Dunkle Vergangenheit bleibt präsent
Diese französisch-deutsche Harmonie zwischen den Eisenbahnen ist nicht selbstverständlich. Das erfuhr der Verfasser dieser Zeilen bei einer Jubiläumsveranstaltung beider Bahnen in Paris. Im kleinen Kreis fragte ein Franzose seine Kolleginnen und Kollegen von der SNCF: „Erinnert Ihr Euch noch an die Anfänge? Als es hieß, wir machen jetzt mit den Deutschen gemeinsamen Bahnverkehr? Da haben doch viele von uns protestiert! Die Deutschen haben Frankreich im Krieg überfallen, heute drücken sie uns wirtschaftlich an die Wand, mit denen werde ich niemals arbeiten! Da mussten doch einige von uns geradezu zwangsdelegiert werden in den gemeinsamen Planungsstab mit der deutschen Bahn.“ Und auch auf deutscher Seite gab es Zweifel: Sind die Franzosen denn genügend diszipliniert und zuverlässig? Da wird doch immer gestreikt, die denken immer an Urlaub und Mittagspause…

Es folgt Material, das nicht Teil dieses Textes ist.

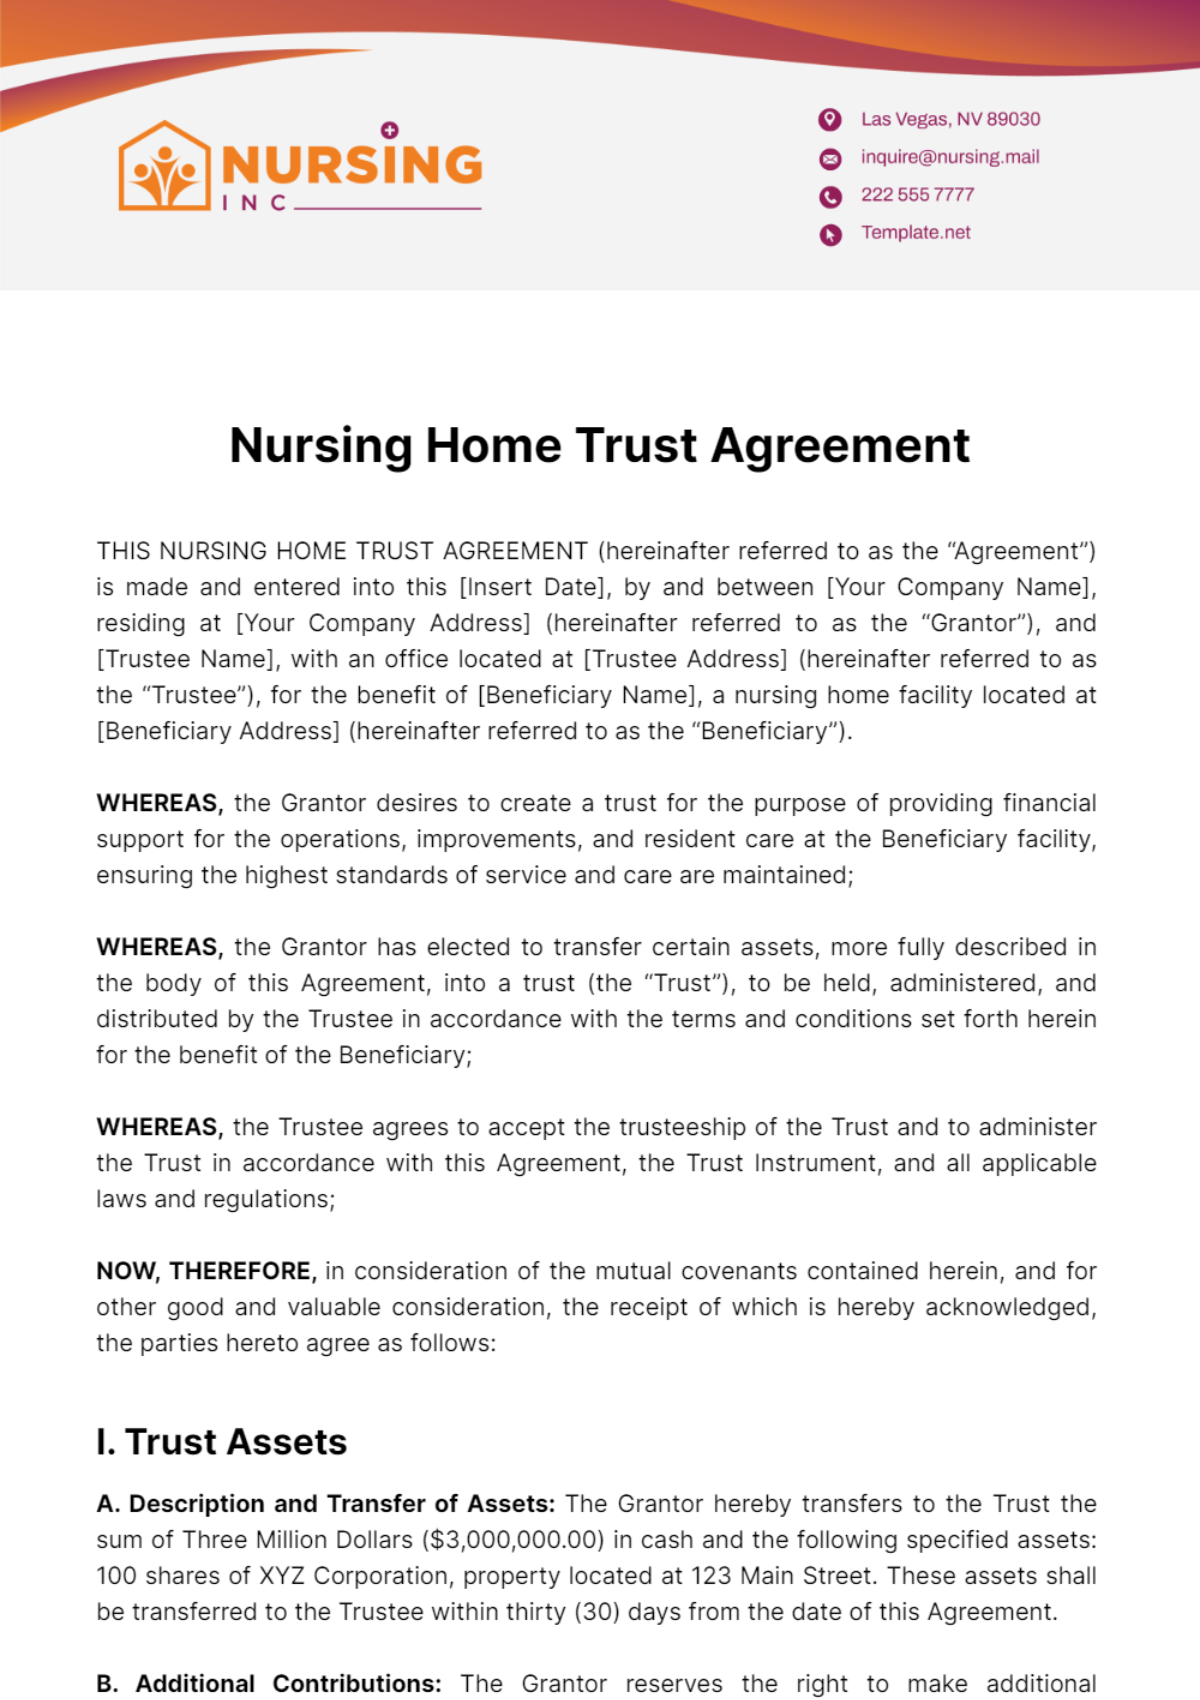 Nursing Home Trust Agreement Template

Zum Glück für beide Seiten scheinen diese Bedenken der Anfangszeit überwunden. Doch es bleibt natürlich der Ballast der Geschichte. Zum Beispiel in der Gemeinde Portes-lès-Valence nahe Lyon. Während des 2. Weltkriegs blieb zwar die französische Staatsbahn formell ein eigenständiges französisches Unternehmen. Doch es unterstand den militärischen Vorgaben der deutschen Wehrmacht, auf den Geländen der Bahn-Depots führten deutsche Okkupanten das Wort.

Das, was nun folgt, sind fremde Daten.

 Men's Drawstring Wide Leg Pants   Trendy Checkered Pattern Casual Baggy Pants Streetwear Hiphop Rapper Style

So war es auch in Valence, einem wichtigen Eisenbahn-Zentrum. Doch es gab Untergrundgruppen des französischen Widerstands, der Résistance. In der Gegend um Valence, Drôme, war besonders die Compagnie Pons aktiv. Ihr Anführer war der 1896 geborene Paul Pons, Enkel eines ehemals dort in der Region gewählten Bürgermeisters und Generalrats. Pons diente während des Ersten Weltkriegs in der Marine und heuerte später bei der Handelsmarine an. Am 7. Juli 1944 verübte die Kompanie Pons gegen Mitternacht ein Bombenattentat auf das Eisenbahn-Depot von Portes-lès-Valence. Es war eine starke Explosion: Gleich acht Lokomotiven wurden außer Betrieb gesetzt. Doch die Bombe tötete auch zwölf Deutsche und die französischen Eisenbahner Albert Benzo, Gabriel Prévot und Victor Kuhn, die qualvoll in den Trümmern eines SNCF-Gebäudes starben.

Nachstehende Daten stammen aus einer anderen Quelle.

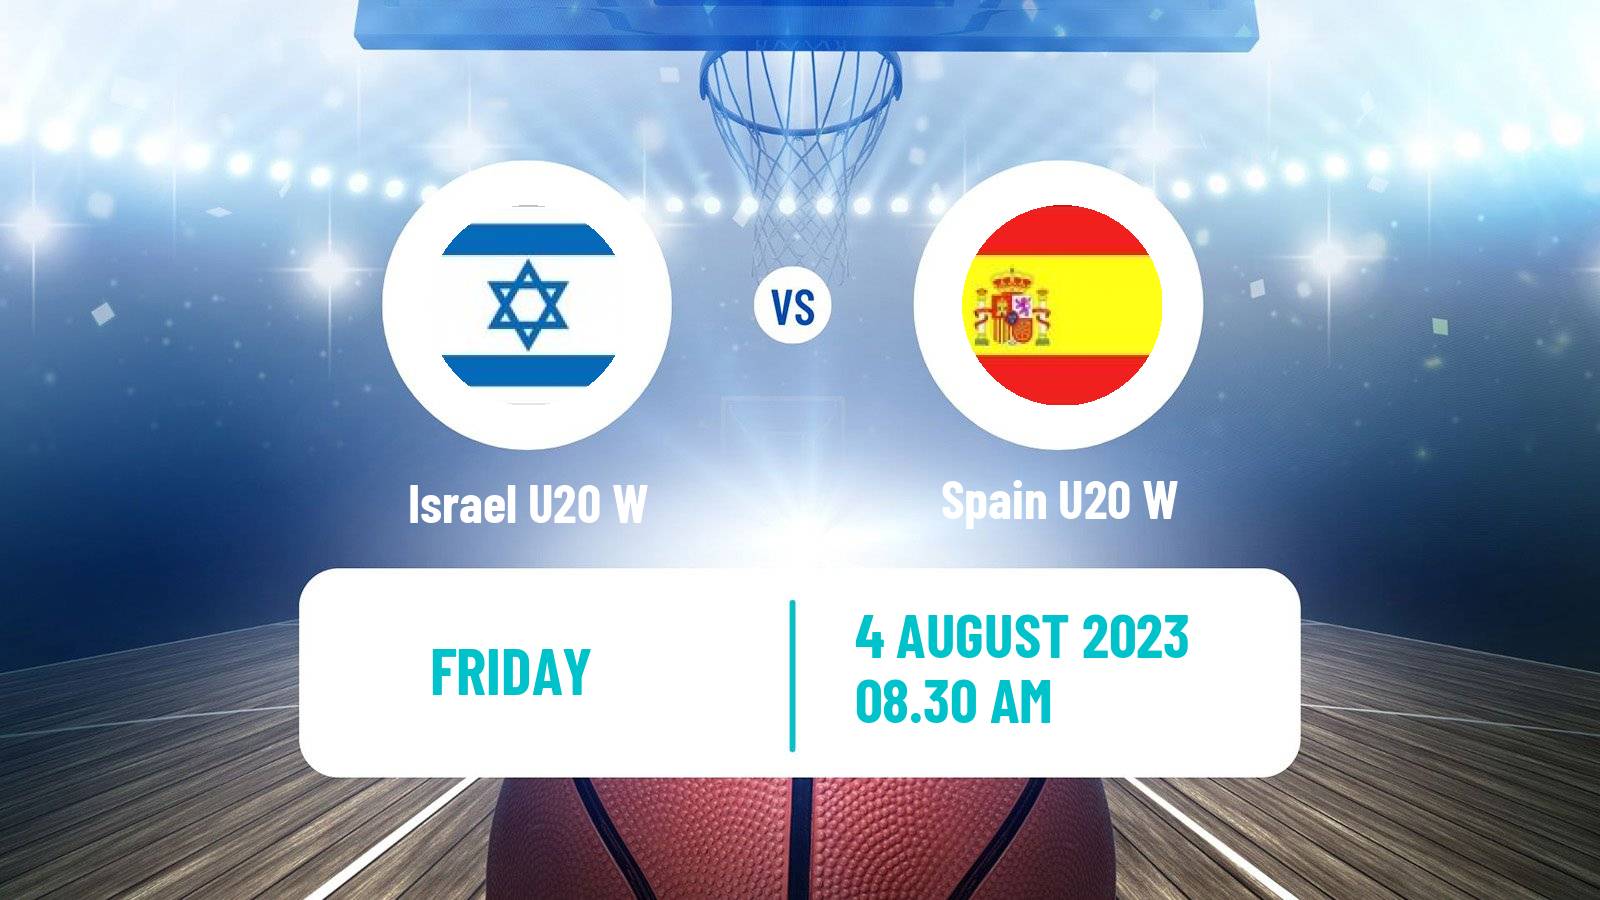 Basketball European Championship U20 Basketball Women Israel U20 W - Spain U20 W

Am folgenden Tag folgte eine für die damalige Zeit typische Rache der Nazis: Direkt vor dem Depot wurden 30 im nahe gelegenen Gefängnis von Montluc festgehaltene Geiseln erschossen. Über Jahrzehnte hinweg bemühte sich der Sohn eines der gefallenen Eisenbahner, Gérard Prévot, das Gedenken an das Massaker aufrecht zu erhalten. 2019 war er endlich am Ziel. Vor einem Mauerstück, das vom ehemaligen zerstörten Bahndepot in Valence erhalten geblieben war, wurde eine Gedenktafel aufgestellt. Seither gibt es jedes Jahr zum Jahrestag des Dramas eine Gedenkzeremonie.